I'm going to go the other way. I've never used gorilla glue. But I have used epoxy on plastic. I don't see it being an issue of strength as much as not flexible enough. Or perhaps it's the oily base of plastic that over time bleeds to the surface before it dries out. Something like Pliobond works fairly well in plastic/metal bonds. It's not as strong as epoxy, but it won't pop off either.
First of all, epoxy comes in a huge variety of formulations. If you go down the 3M catalog you'll see that they have one that is hard enough to sand and drill holes in and they have a "super flexible" one, and they have products in between. McMaster sells 15 different 3M epoxies (and 11 other two part adhesives that look like epoxy but are actually something else.)
But that may not be the issue. Plastic is very tricky. Not all plastics are the same. If you want to bond a hard plastic, you may have good luck with a randomly chosen epoxy with good surface preparation (e.g. roughing up the surfaces). But if you want to bond a soft, slick plastic such as polyethylene then these epoxies won't work well. In fact, very few things will bond polyethylene well. For bonding acrylic, regular epoxy is also mediocre.

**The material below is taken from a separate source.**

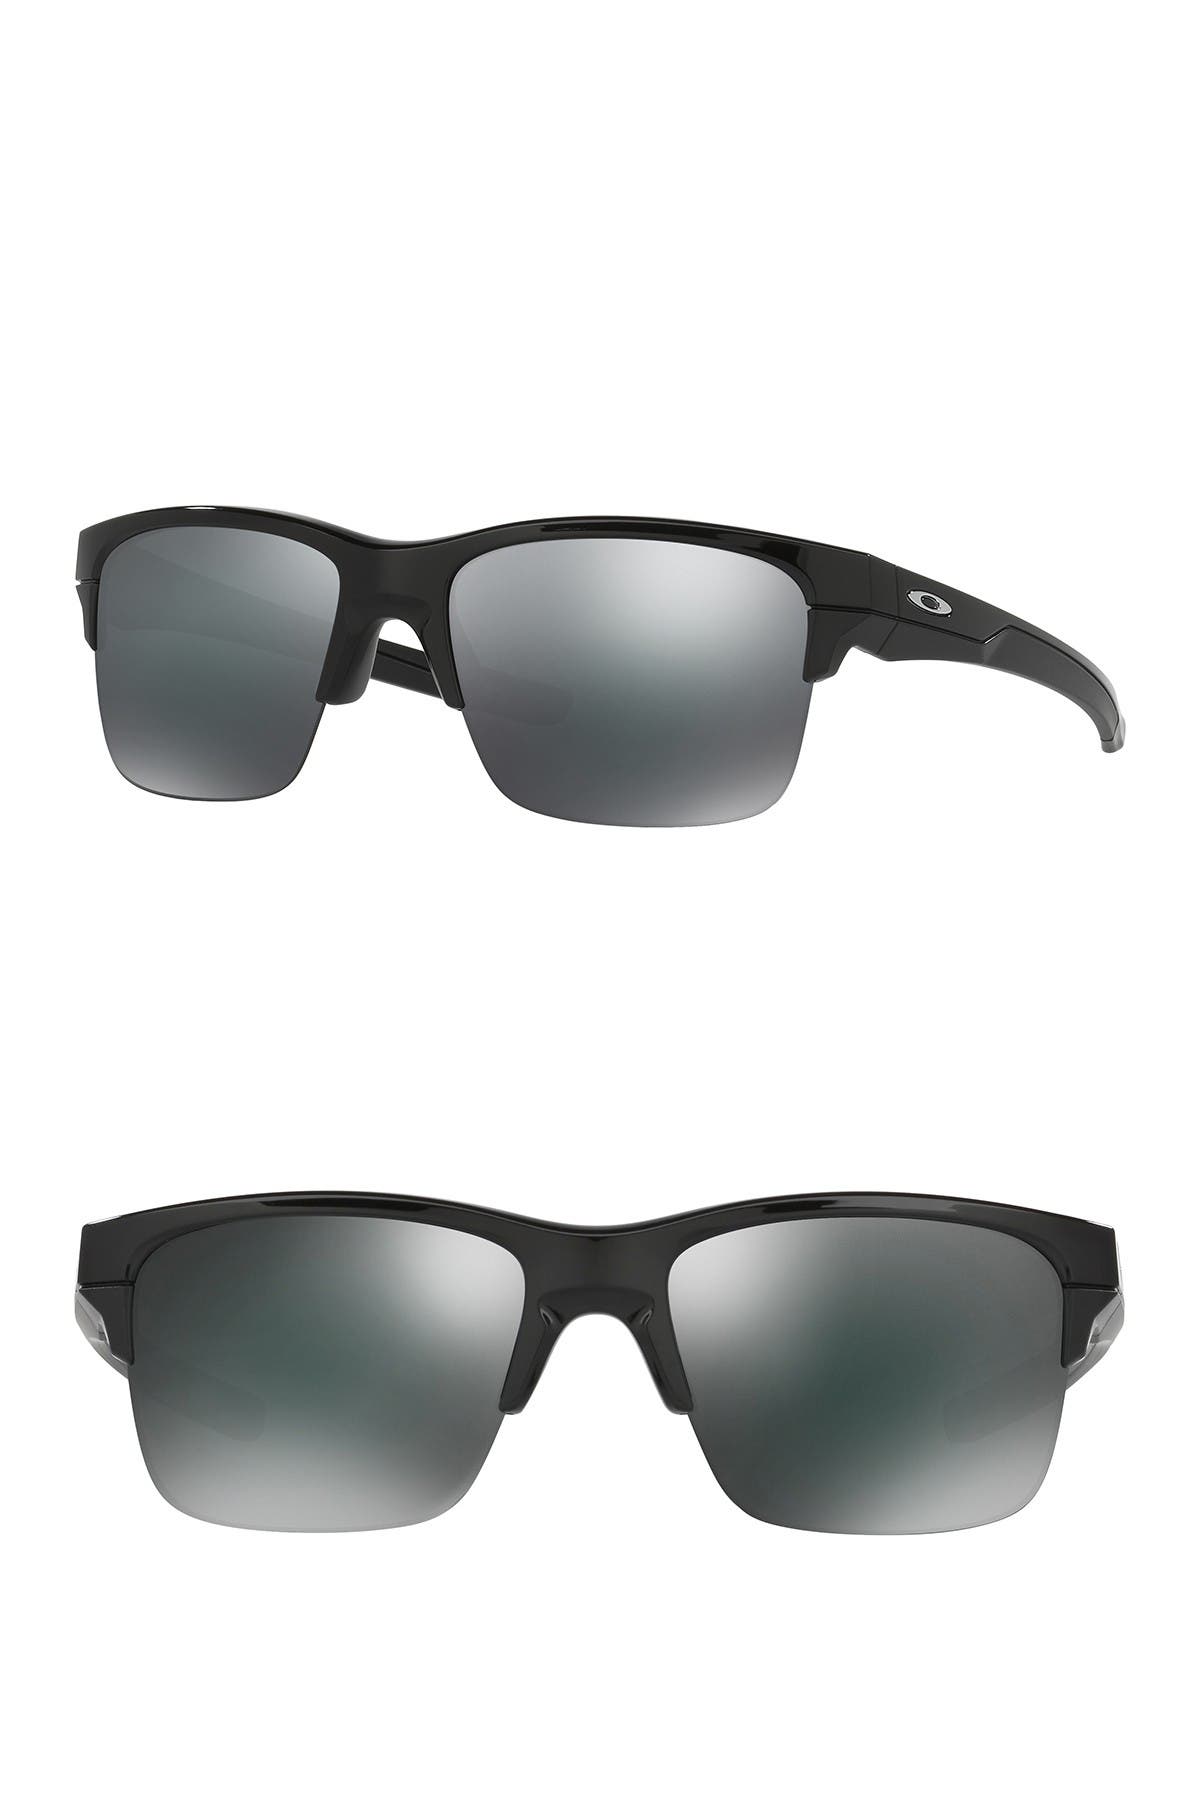 thinlink oakley sunglasses

For bonding general slick plastics ("low surface energy plastics") 3M makes DP-8005 and DP-8010 which work very well. They are kind of expensive and 3M does not recommend hand mixing, so you have to get the gun and use static mixing nozzles (10-1 mixing ratio). But they really work. I bonded zinc plated magnets to polyethylene with this stuff about 6 years ago and have been putting them through the dishwasher on a weekly basis without any failures. I use a sheet of teflon (PTFE) as a backer for epoxy work and regular epoxy pops right off. The 3M adhesive stuck to the teflon so well that I couldn't get it off.
For bonding acrylic, you can use Weld-On #3 or #4 which basically dissolve the acrylic and melts the two surfaces together. (This is how you make an acquarium.) But the point is that if you want to bond plastic well you need to know what kind of plastic it is and seek an adhesive suitable for that particular plastic.

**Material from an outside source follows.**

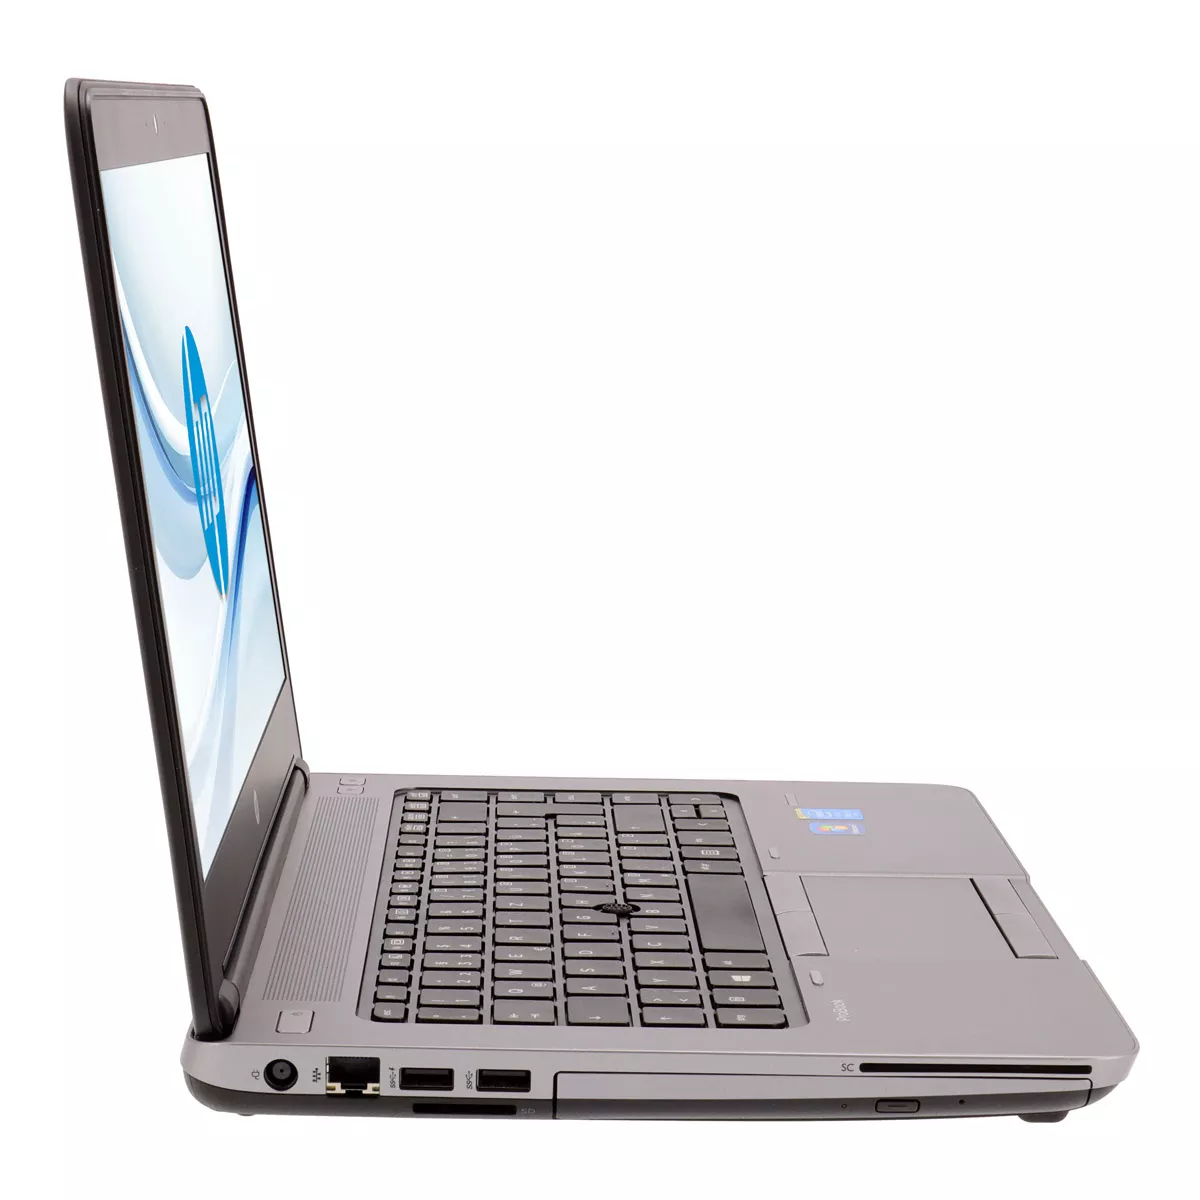 HP ProBook 640 G1 Core i5 4300M 2,60 GHz 8 GB 128 GB Webcam A

If you're concerned about bond strength, then at least 3M (and I assume other manufacturers too) publish spec sheets with advertised bond strengths for different materials. As it happens, DP-460 was the product recommended to me to bond brass to wood. But I usually use epoxy for things that requires a fast set and I don't generally have any problems with bond strength.

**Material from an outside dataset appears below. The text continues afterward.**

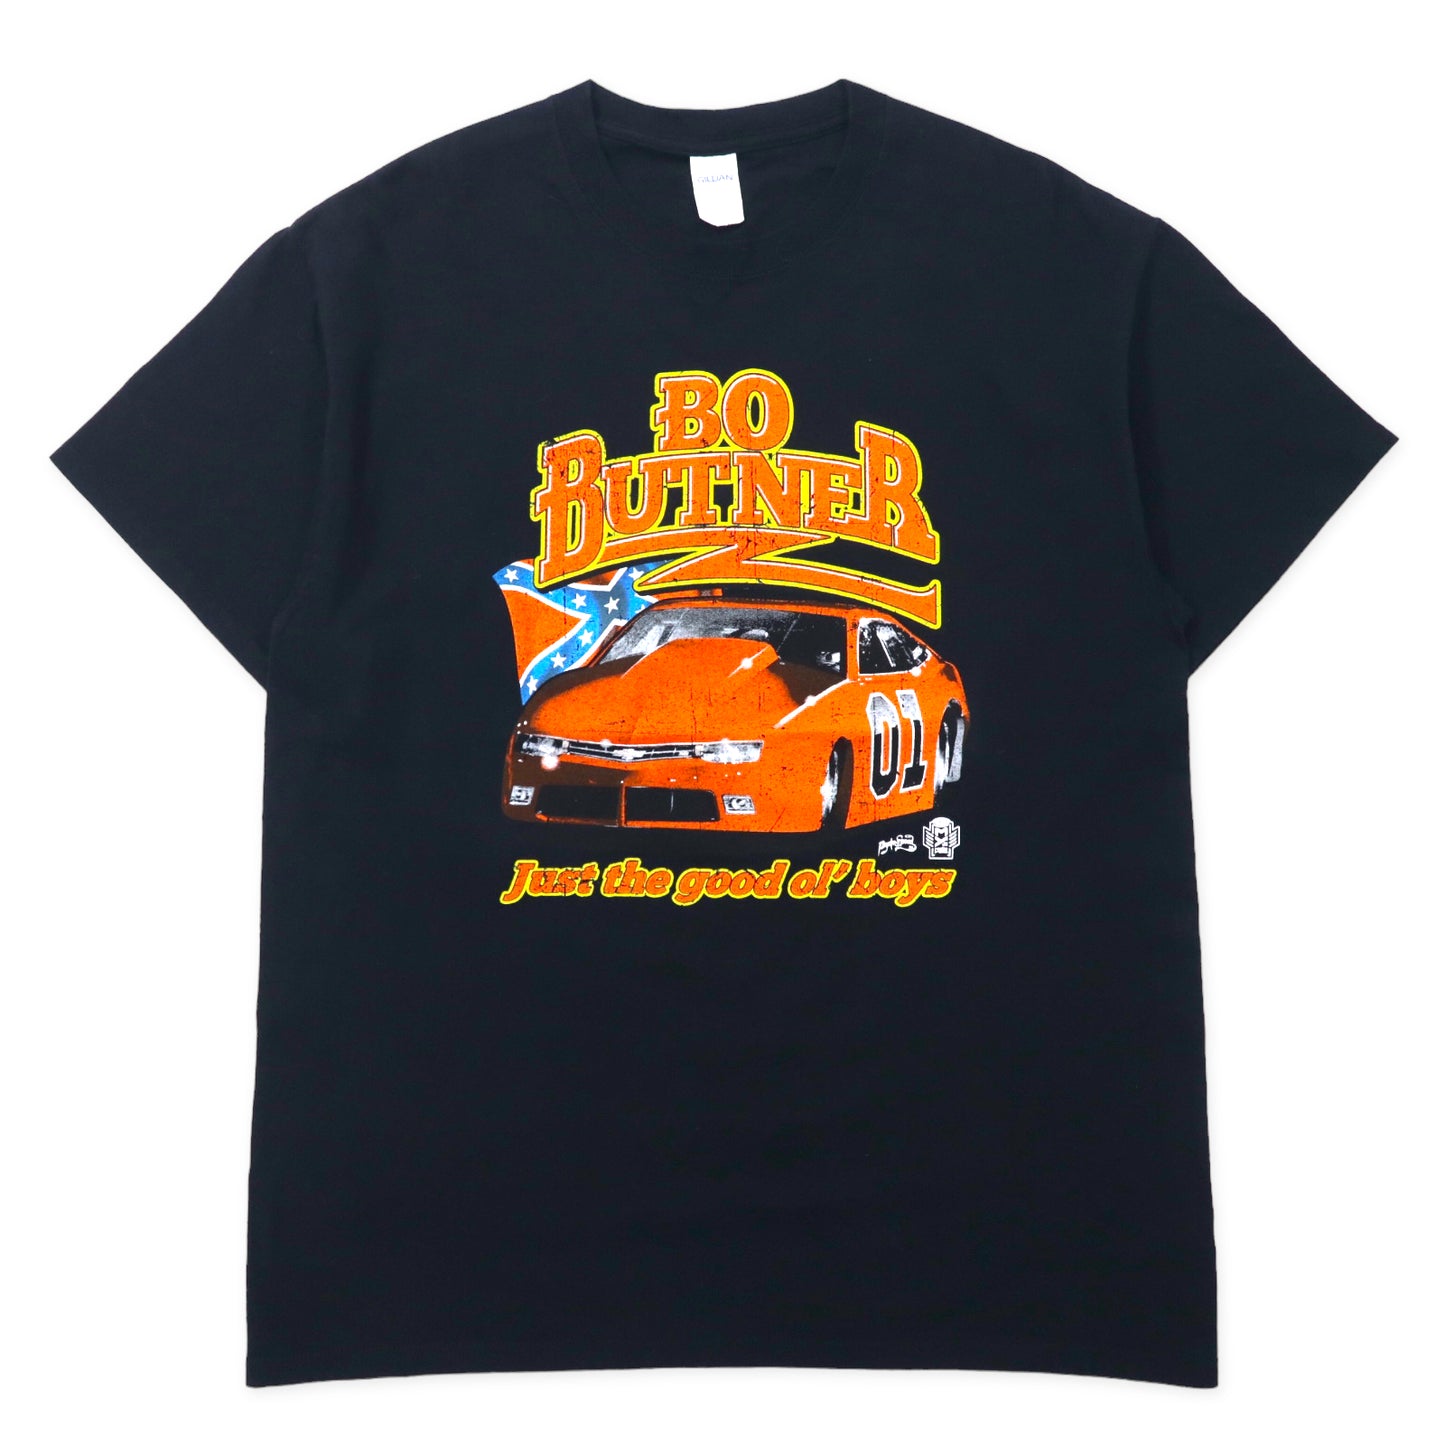 Gildan Racing Car Print T-Shirt L Black Cotton BOTNER

I have gotten the impression that in general, epoxies that bond more difficult materials or have other superior properties are slower curing, but I wouldn't try to generalize too far. I compared DP-100 Plus (4 minute open) to DP-460 (60 minute open). For DP-100 Plus the sheer strength in PSI for etched aluminum=3500, sanded aluminum=1800, ABS plastic=450, PVC plastic=250. For slower curing DP-640, etched aluminum=4500, sanded aluminum=3500, ABS=300, PVC=500. Note also that DP-460NS has sanded aluminum=2650. In fact, the non-sag version was significantly weaker on several materials.
The observation is that if you're gluing aluminum, most likely the DP-100 Plus is adequate, but it is weaker. Note that for plastic, the DP-100 plus is actually stronger on ABS than the one with the longer open time. Surface preparation can make a significant difference. (Compare etched aluminum to sanded aluminum. You're better off etching your aluminum and using the fast product than sanding and using the slow product.) In the end, if you really care about bond strength, you should check the manufacturer specs for the material you want to glue rather than trying to infer it from working time. The DP-8005 that I used to glue to plastic has a 3 minute working time and bonds PVC with sheer strength of 2050 and ABS with 1575, much better than the DP-460.